In our case - Formant (and probably others, though I’m not too close) is pretty much comprehensive on all but your “Navigation & Motion”, “Localization & Mapping”, “Computer Vision & AI” buckets. The former are generally open source or developed by our customers, and the latter is done at the edge or via data pipeline integrations with either third party services or our customers’ in-house services. All three of those buckets tend to be quite heavily customized (or just fully proprietary) in the production systems we see though.

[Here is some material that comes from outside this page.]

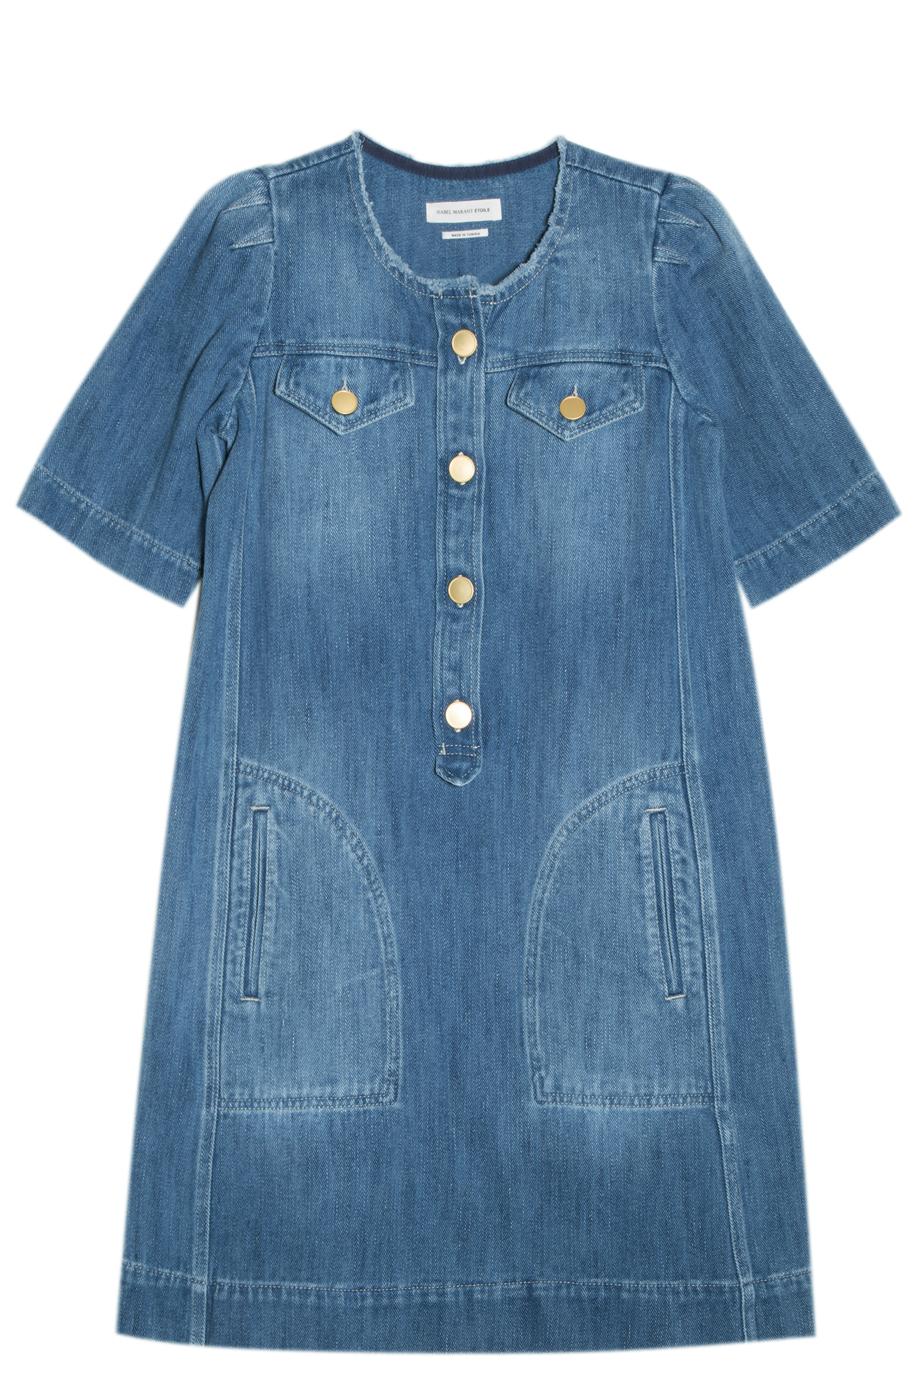 1808315161 Lyst - Étoile Isabel Marant Oriane Denim Dress in Blue

We do in fact allow for externally-embeddable UI elements and internally-embeddable custom applications, and do manage some software at the edge. It’s true that we haven’t begun to share these custom applications between organizations in a productized way, though - mostly because there have so far been few actual opportunities there. DroneDeploy’s app market is doing a great job here for a very targeted use case, but I think this is a little ahead of the production autonomous robotics community at the moment.

Ultimately our objective is to be fully complimentary to the ROS ecosystem, and to pick up where it leaves off (hence the focus on auto-scaling cloud infrastructure, pretty mobile UIs, integrations with other commercial products, etc). I think you’re right to consider slicing it in a different dimension though.

The RMF work is very exciting, and I’m very much looking forward to seeing it in production systems soon. I’m expecting that some of this work will significantly level up the starting point for new companies that decide to use it, and that your vision of a more “app store”-like model could do the same.